EXERCISE REQUIREMENTS — Would you please repeat all of the data exactly, omitting the pictures?

══ DATA UNDER STUDY

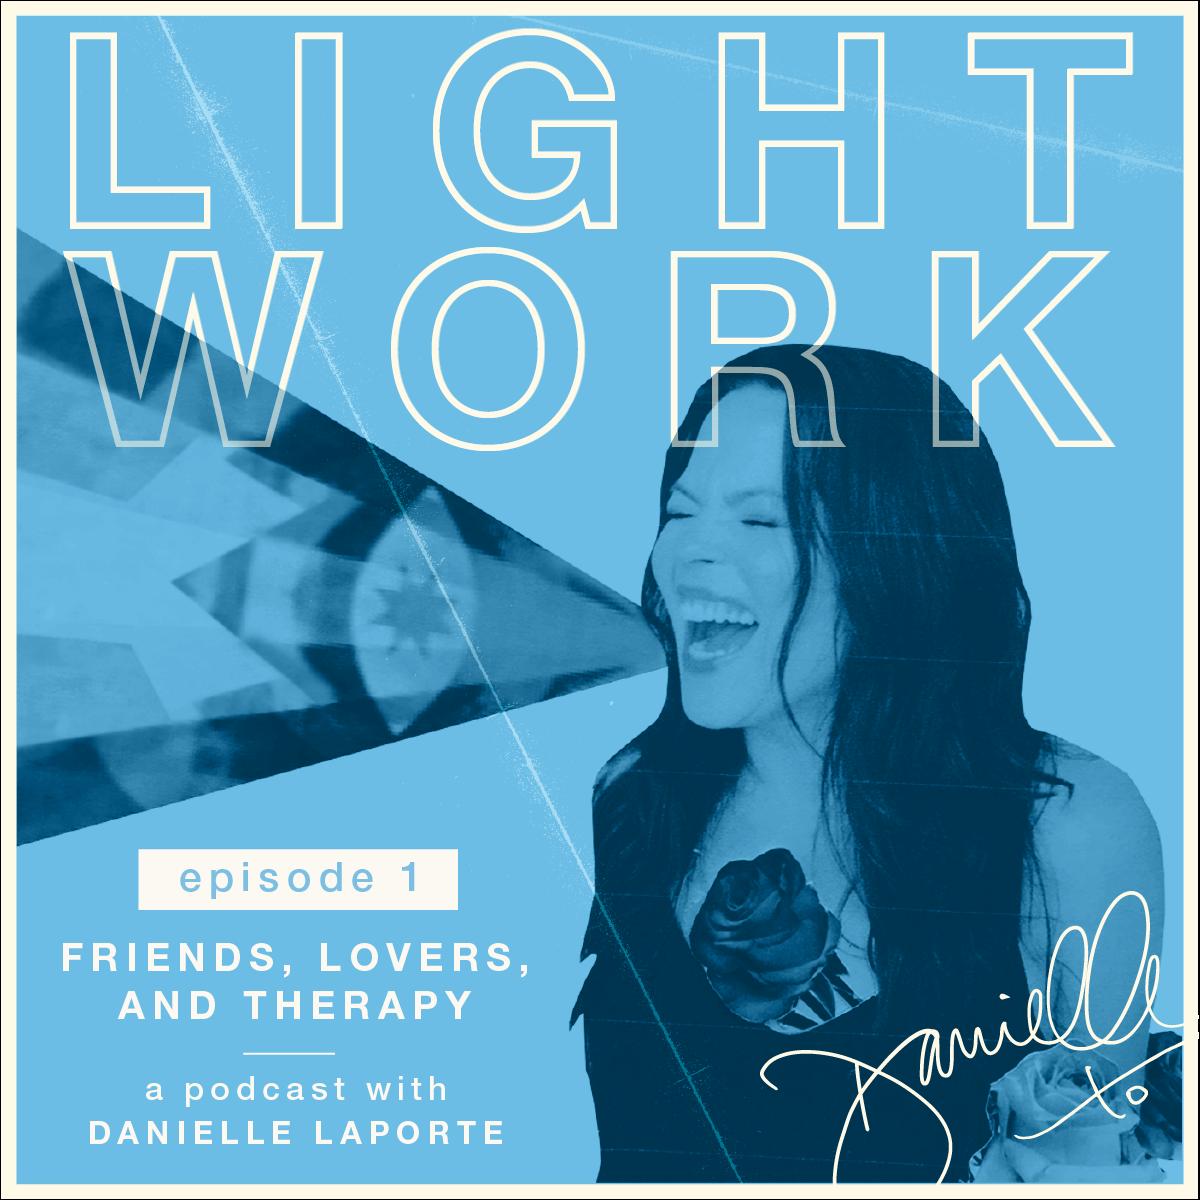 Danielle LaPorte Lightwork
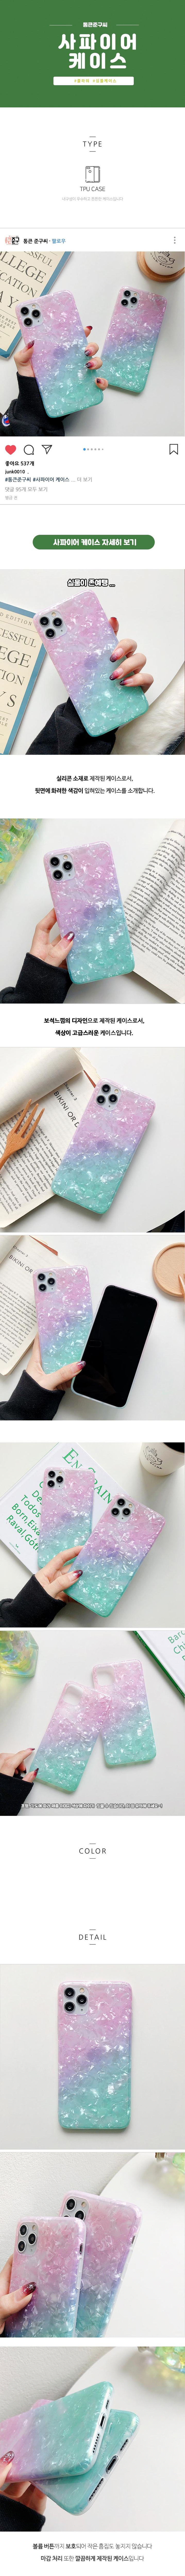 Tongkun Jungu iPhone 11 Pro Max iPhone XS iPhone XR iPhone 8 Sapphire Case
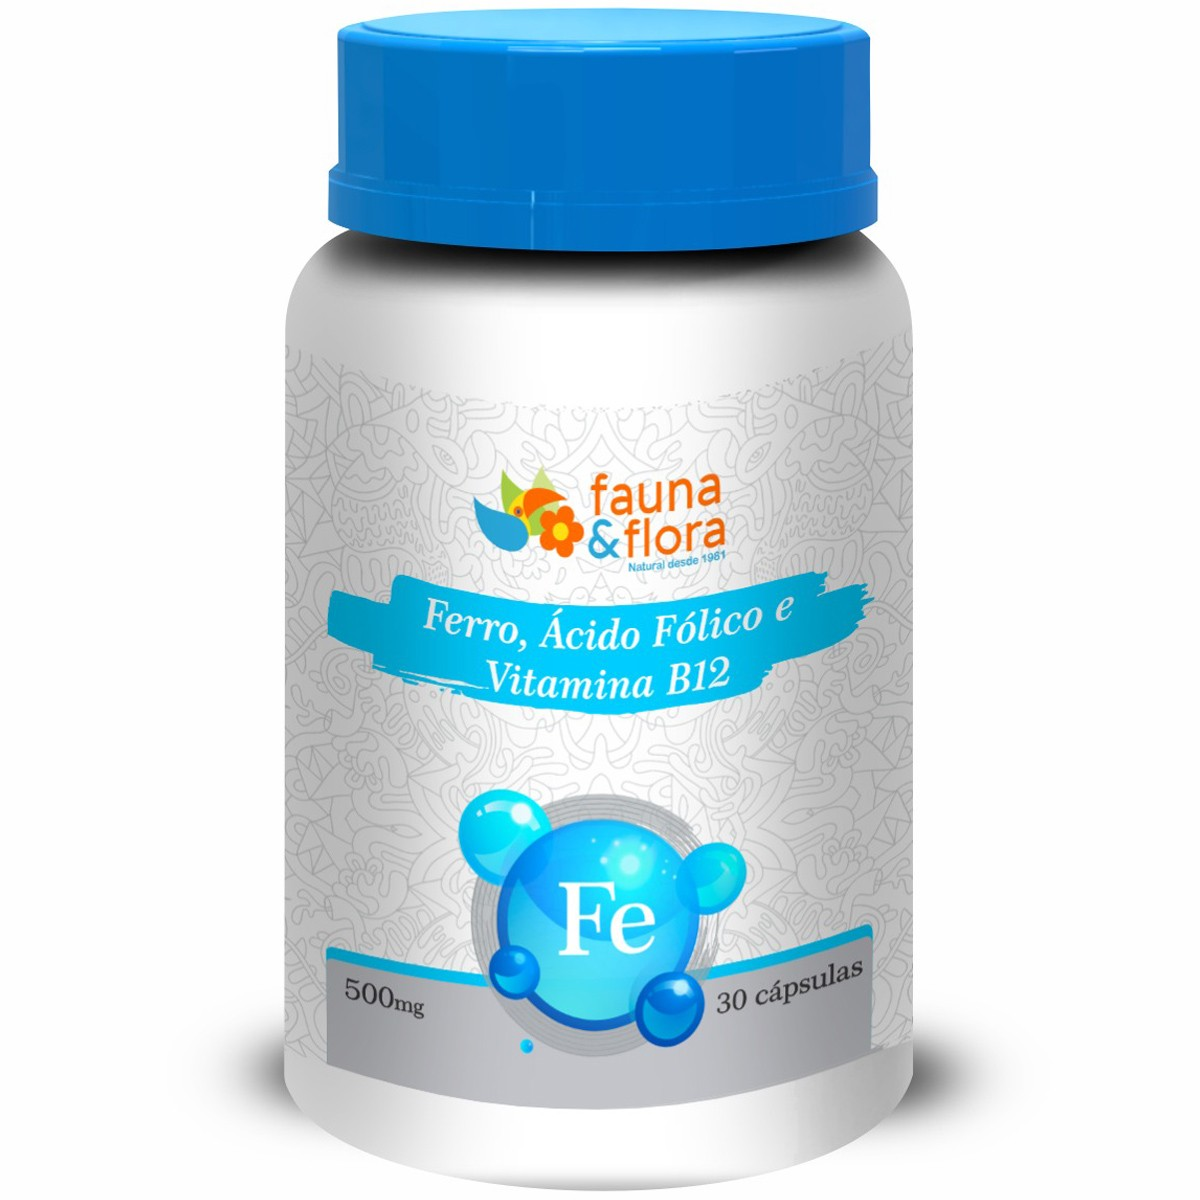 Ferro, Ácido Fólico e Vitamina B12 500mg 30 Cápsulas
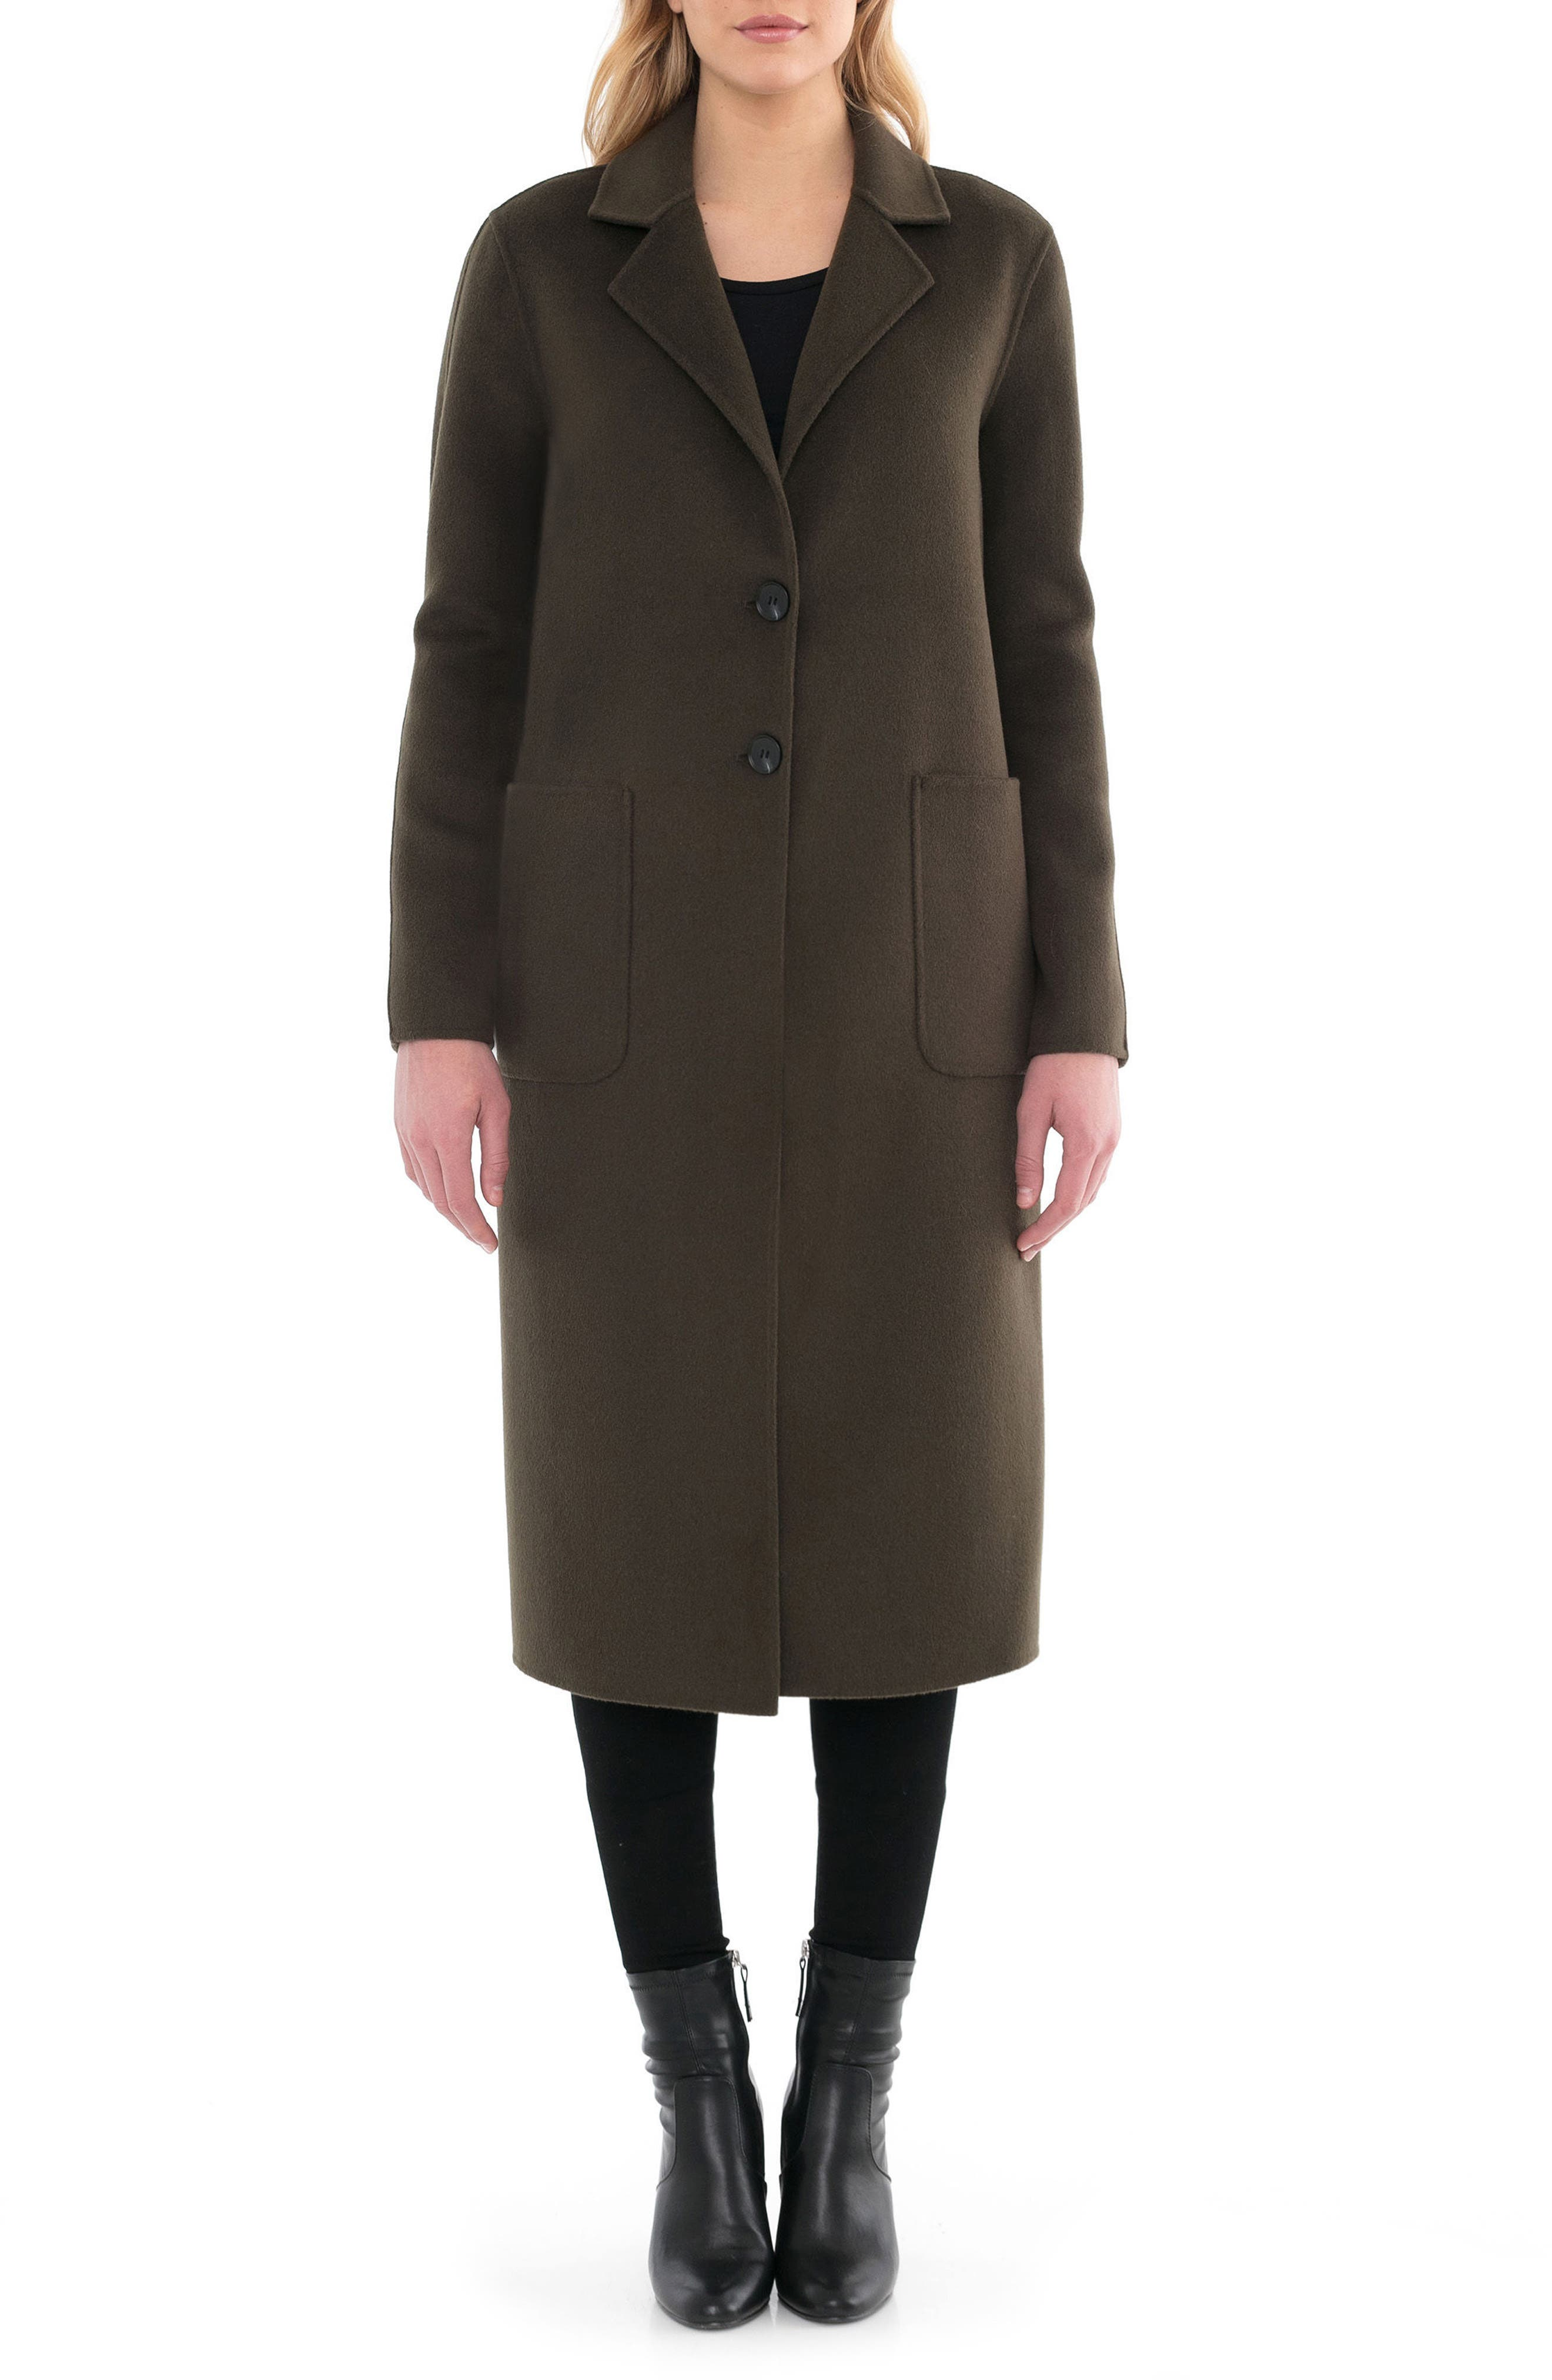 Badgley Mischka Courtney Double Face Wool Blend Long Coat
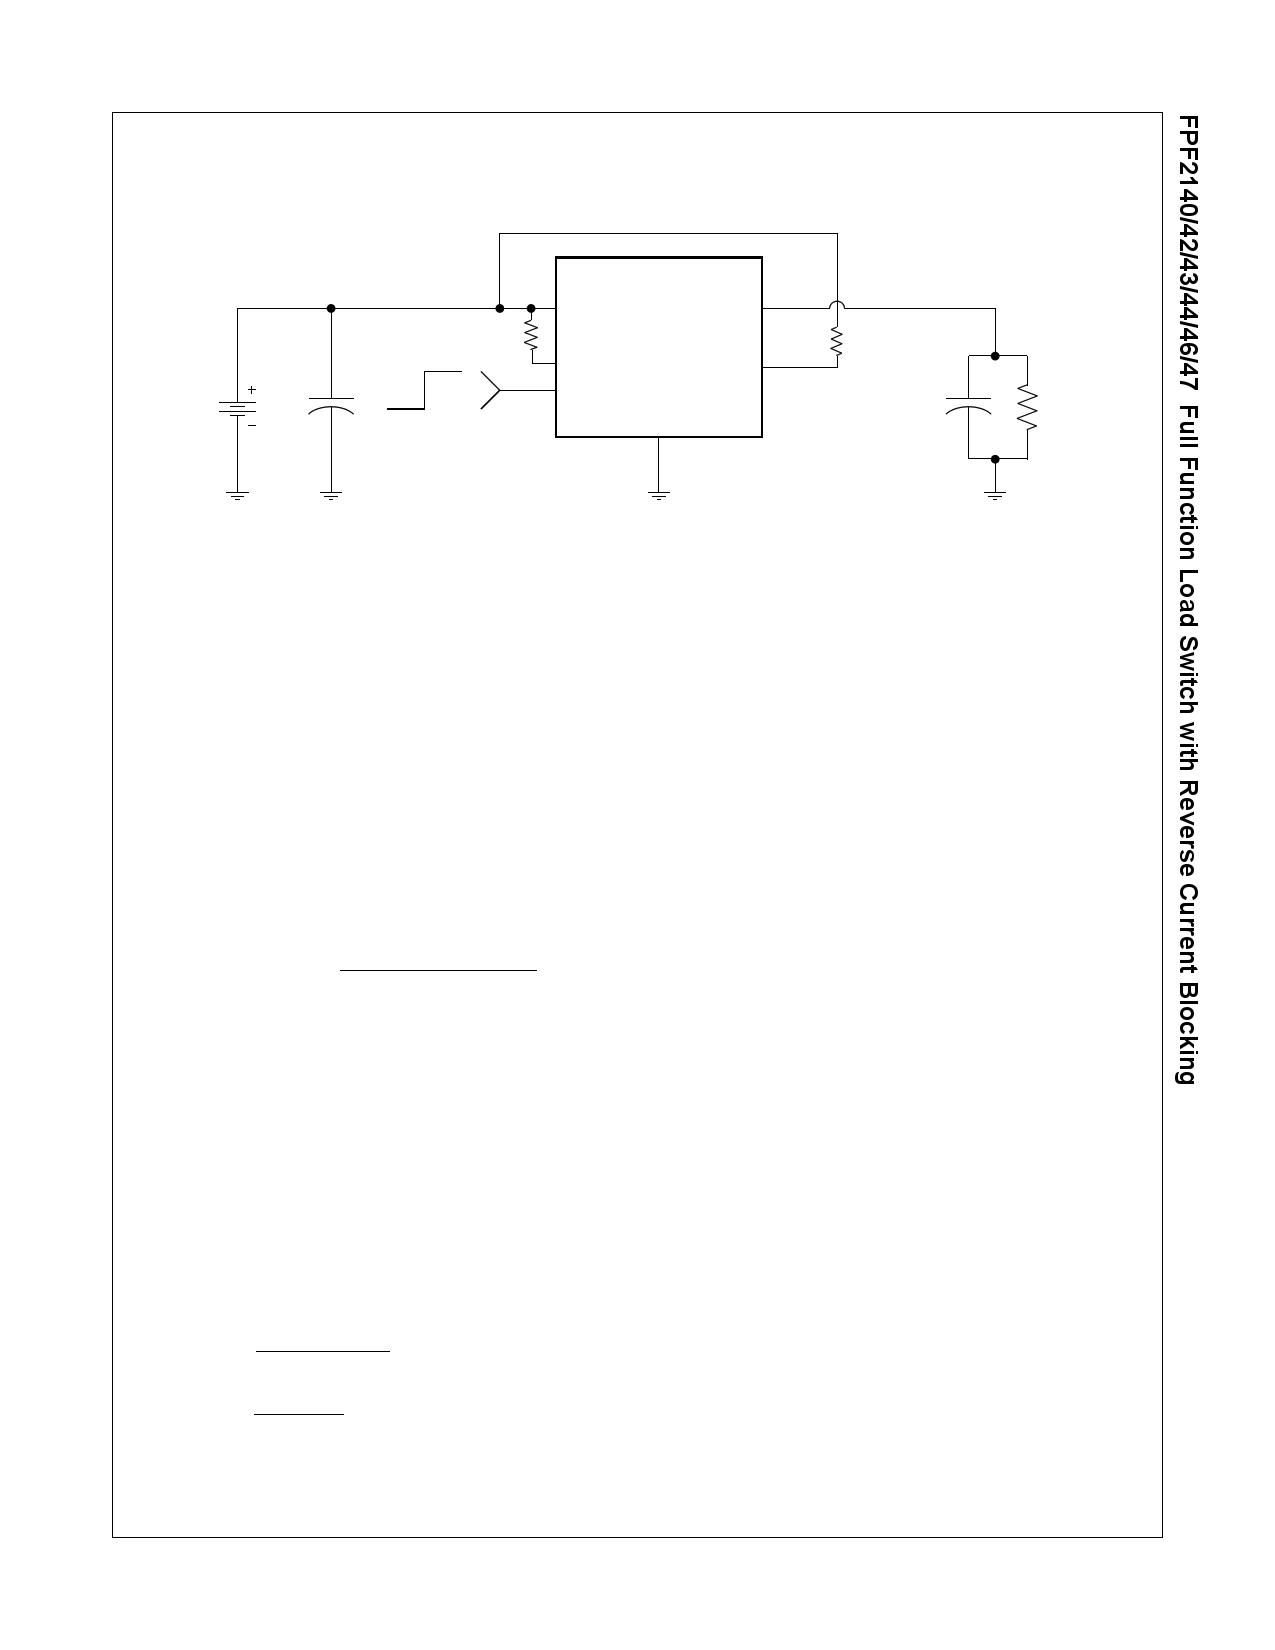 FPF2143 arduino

════

SOLUTION FOR THIS EXERCISE —
 Danielle LaPorte Lightwork
 Tongkun Jungu iPhone 11 Pro Max iPhone XS iPhone XR iPhone 8 Sapphire Case
 Ferro, Ácido Fólico e Vitamina B12 500mg 30 Cápsulas
 Badgley Mischka Courtney Double Face Wool Blend Long Coat
 FPF2143 arduino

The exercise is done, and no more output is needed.